Our belief is that LanguageMatching is a great algorithm for Best Fit Matcher. Although, it's an overkill for Lookup Matcher.
ICU (a known CLDR implementation) doesn't use LanguageMatching for Bundle Lookup Matcher either. But, it has its own implementation, which has its own flaws as Mark Davis says in the Fixing Inheritance doc "ICU uses the %%ALIAS element to counteract some of these problems... It doesn’t fix all of them, and the data is not derivable from CLDR."
We also believe ICU's aliases approach is not the best solution. Instead we believe in the following approach, whose result matches LanguageMatching with a score threshold of 100%.
BundleLookupMatcher( requestedLocale, availableBundles )

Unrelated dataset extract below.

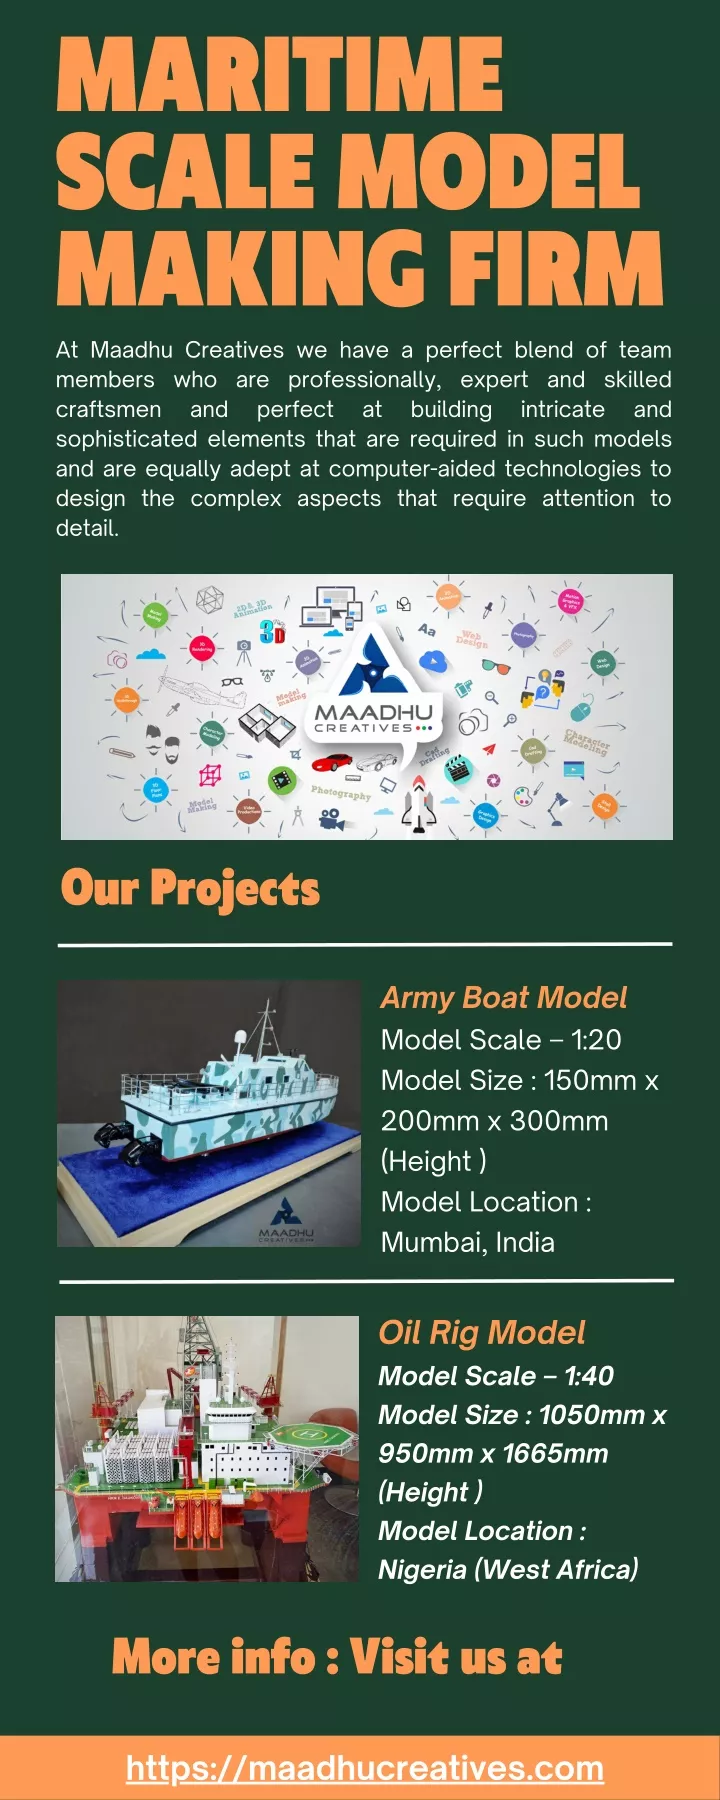 maritime scale model making firm
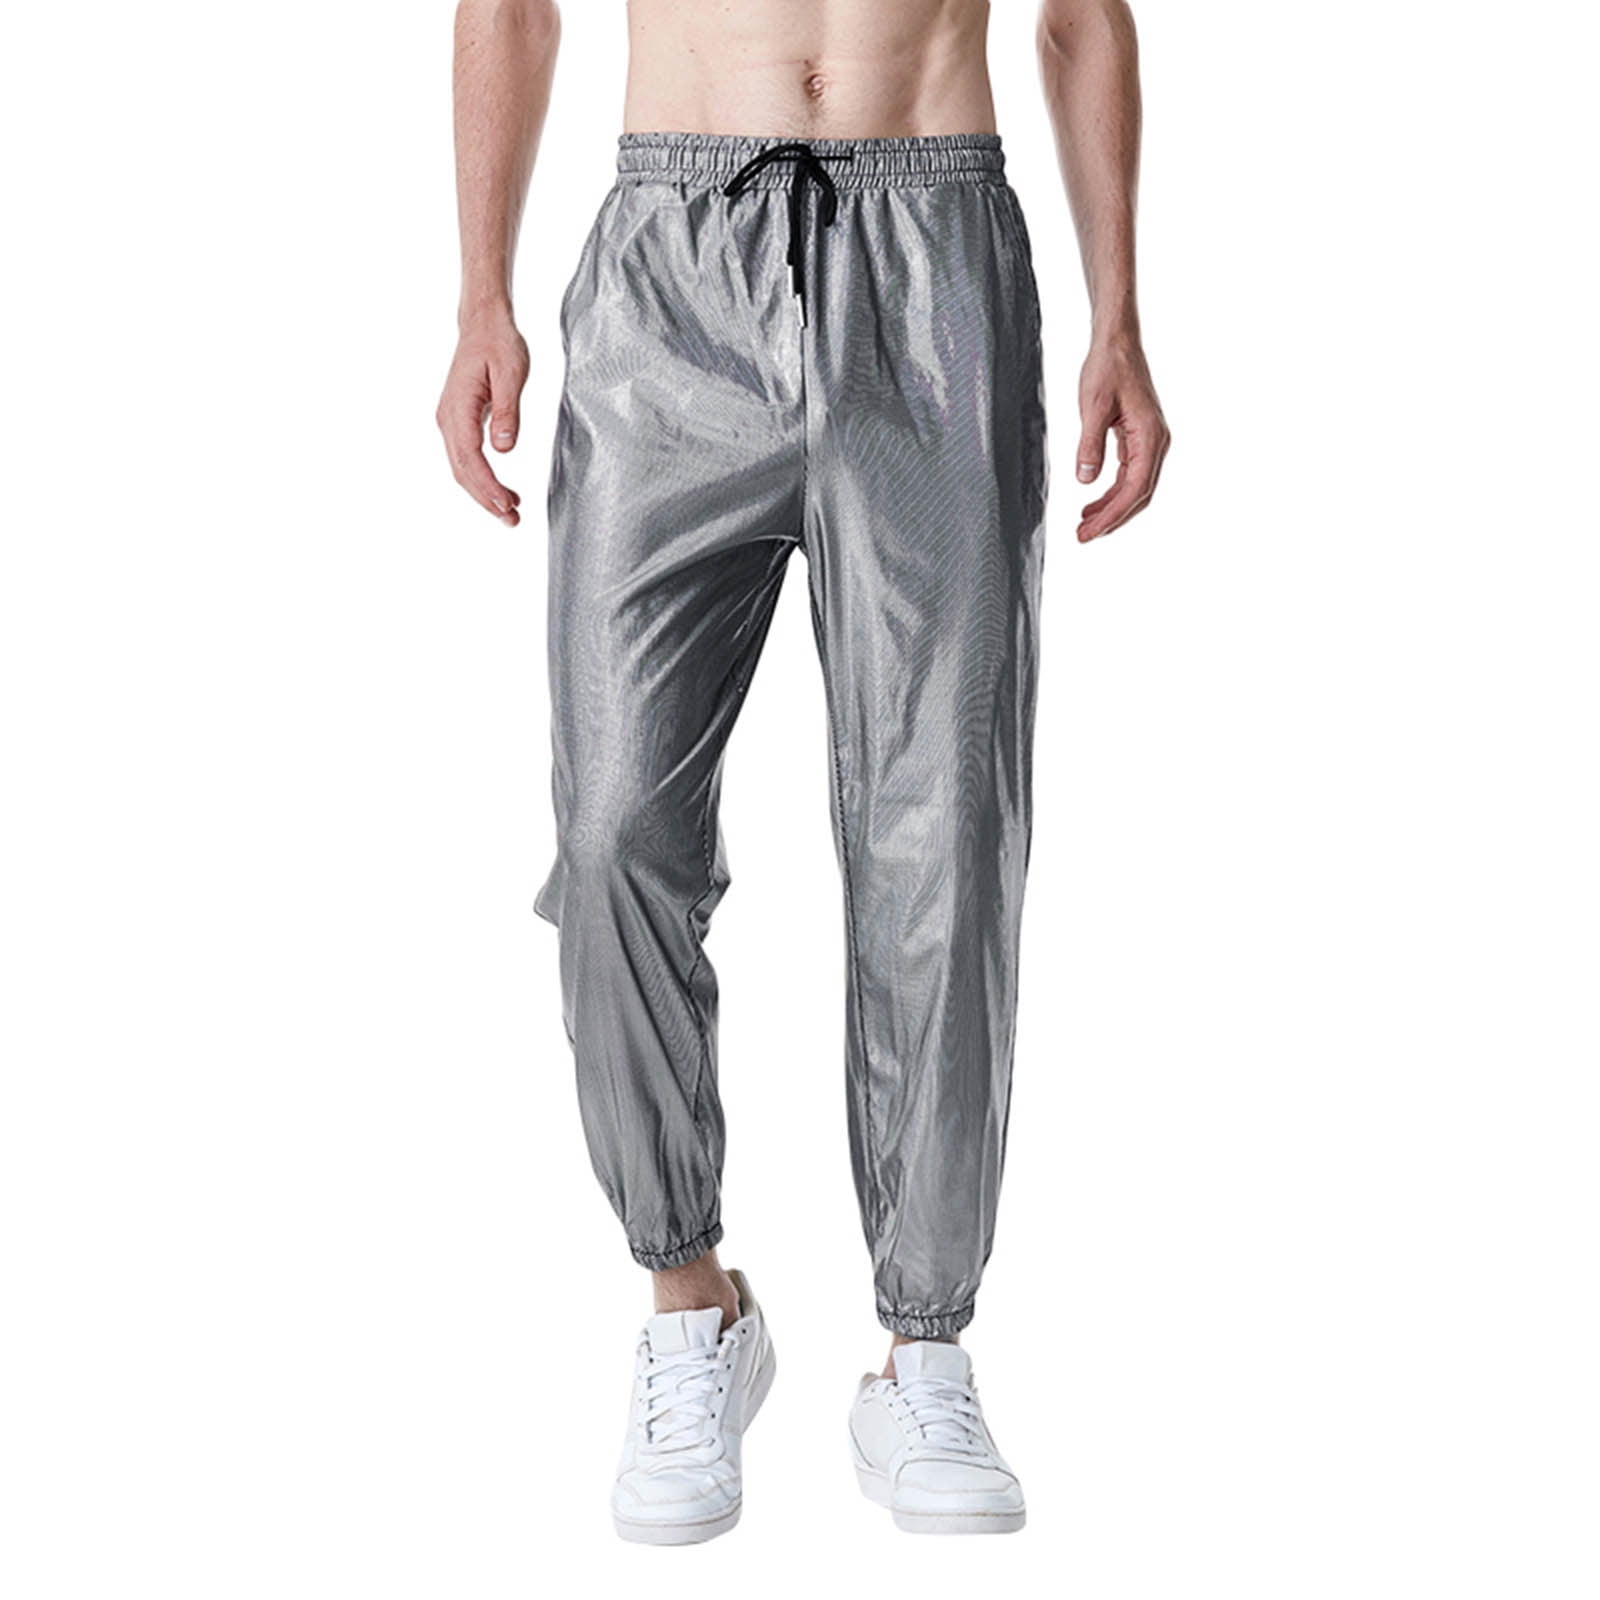 Buy C3 Coin Silver Coloured Classic Formal Trousers for Men. - FT_5717_ at  Amazon.in

is used for bundle lookup given an arbitrary requestedLocale
.
- Create a Hash (aka Dictionary or Key-Value-Pair) object, named
availableBundlesMap
, that maps eachavailableBundle
(value) to its respective Remove Likely Subtags result (key). 1. In case of a duplicate key, keep the smaller value, i.e., keep the available bundle locale whose length is the smallest; e.g., keep { "en": "en" } instead of { "en": "en-US" }. - Remove Likely Subtags from
requestedLocale
and letminRequestedLocale
keep its result. - Return
availableBundlesMap[ minRequestedLocale ]
.
This algorithm is faster than LanguageMatching and needs no extra CLDR to be created and maintained (likelySubtags is sufficient). Note the availableBundlesMap
can be cached for improved performance on repeated calls.